Por Ana Elisa Meyer
Arquiteta de formação e responsável por consagradas obras de design mobiliário, Charlotte Perriand foi algumas vezes ofuscada, ao longo de sua produtiva carreira, por seus companheiros de trabalho, sobretudo pelo renomado Le Corbusier. Nascida em 1903, em Paris, filha de um alfaiate e uma modista, aos 17 anos Charlotte ingressou como bolsista na École de l’Union Centrale des Arts Décoratifs, onde estudou desenho de mobiliário por quatro anos. Para complementar a formação, teve aulas nos ateliês de pintura de Bernard Boulet de Montvel e de André Lhote, e frequentou os cursos de Maurice Dufrêne nas Galeries Lafayette e de Paul Follot no Le Bon Marché – duas grandes lojas de departamento francesas que instituíram seus próprios estúdios de design após a Primeira Guerra Mundial. Ali eram oferecidas atividades mais práticas do que nas escolas de perfil acadêmico. Em 1926, financiada por seus pais, apresentou a composição intitulada Coin de Salon no Salão Anual da Société des Artistes Décorateurs de Paris.
Sua ousadia ao mesclar na obra elementos de madeira e vidro foi vista como uma atitude pueril.

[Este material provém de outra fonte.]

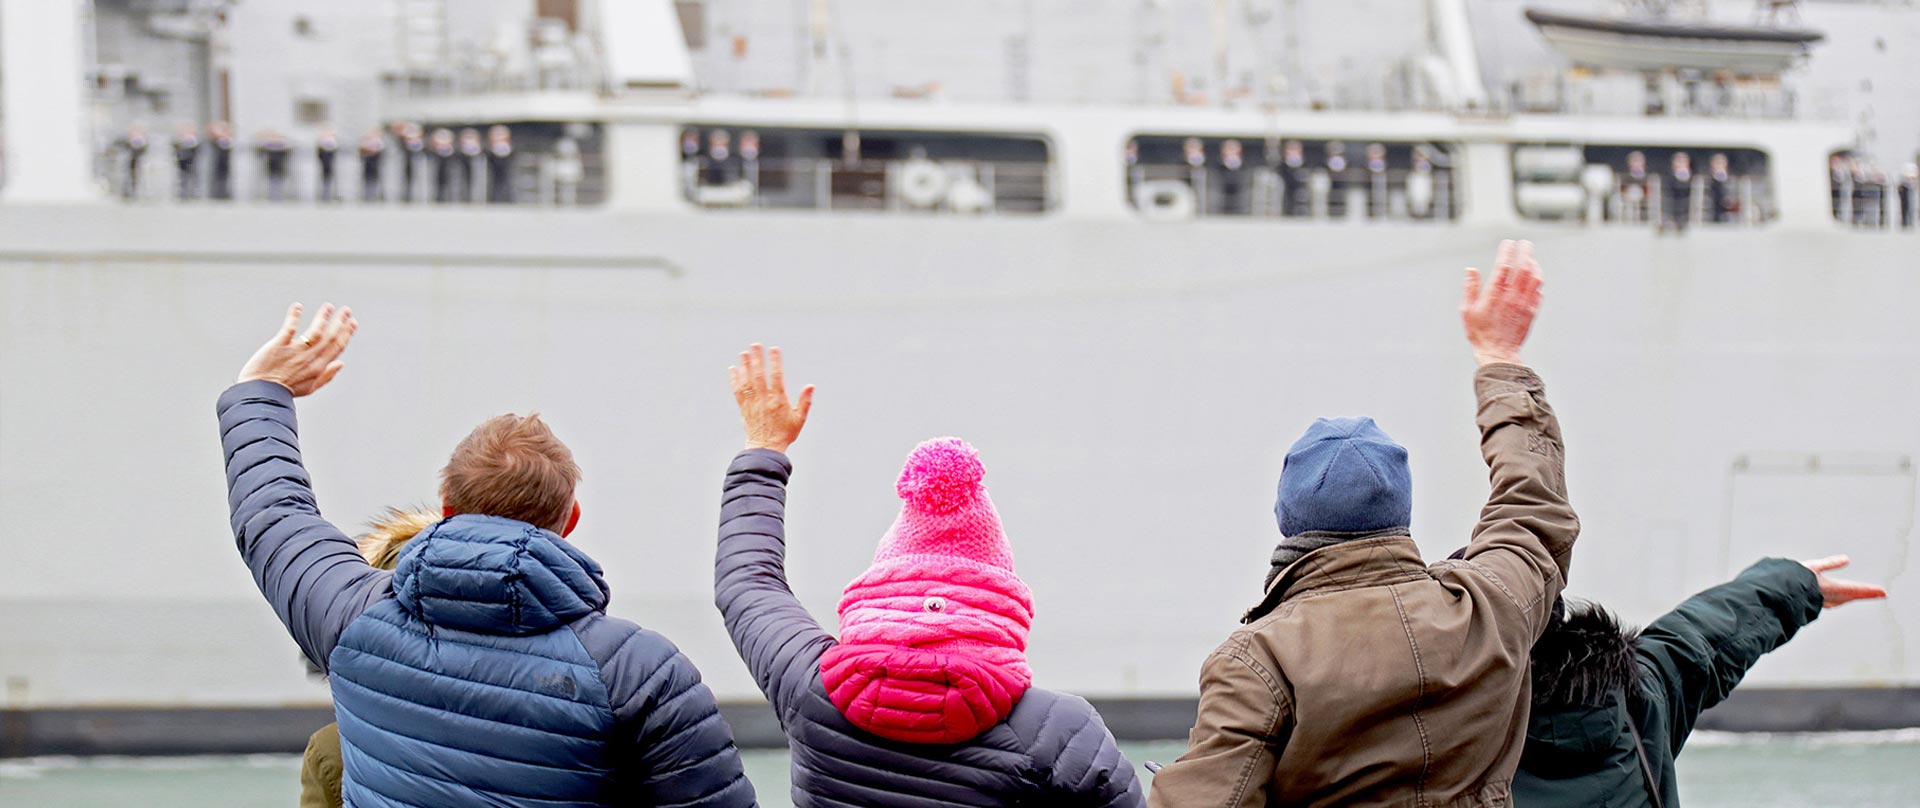 People waving at a leaving ship.

Por outro lado, o trabalho agradou o comerciante de tecidos Percy Scholefield, um inglês amigo da família, que adquiriu a peça para mobiliar seu próprio apartamento. Mais tarde, enfrentando a opinião familiar contrária, Charlotte casou-se com Percy, 20 anos mais velho do que ela.
AFINIDADE COM LE CORBUSIER
Charlotte Perriand acreditava que a arquitetura deveria atender às necessidades humanas e desde o início projetou espaços interiores amplos, de plano aberto, buscando garantir que as mulheres não se sentissem presas ou excluídas do convívio em suas casas. Essas ideias estão bem representadas no projeto Bar sous le Toit, uma recriação de uma dependência de seu próprio apartamento, que ela apresentou no Salon d’Automne em 1927. A composição chamou a atenção do já então prestigiado arquiteto naturalizado francês Le Corbusier. Ele precisou rever sua opinião diante do desempenho excepcional da jovem que meses antes, ao buscar uma vaga em seu escritório, tinha sido rejeitada com um grosseiro “nós não bordamos almofadas aqui”. A obra Bar sous le Toit o obrigou a rever seu julgamento e convidar Charlotte para trabalhar em seu ateliê com o status de associada e como designer de mobiliário de seus projetos, que até então eram mobiliados com objetos que não eram de autoria de seu próprio ateliê
Nos anos que se seguiram, a estreita colaboração entre Charlotte, Corbusier e Pierre Jeanneret, primo do arquiteto, fez com que os espaços internos dos projetos se qualificassem e se tornassem ainda mais nitidamente funcionais. A combinação entre as claras funções do espaço interno e o mobiliário desenhado dentro da mesma concepção arquitetônica radicalizaram de forma ainda mais precisa o conceito da “casa como máquina de morar”. As peças, sempre marcadas com a designação LC Collection, passaram a refletir o caráter de seu tempo, tomando emprestadas as ideias da indústria automobilística e aeronáutica, resultando em objetos icônicos do século 20. A poltrona Grand Confort, em forma de cubo, a Chaise Longue Basculante e a cadeira giratória de couro entraram para a galeria dos móveis representativos do pensamento modernista.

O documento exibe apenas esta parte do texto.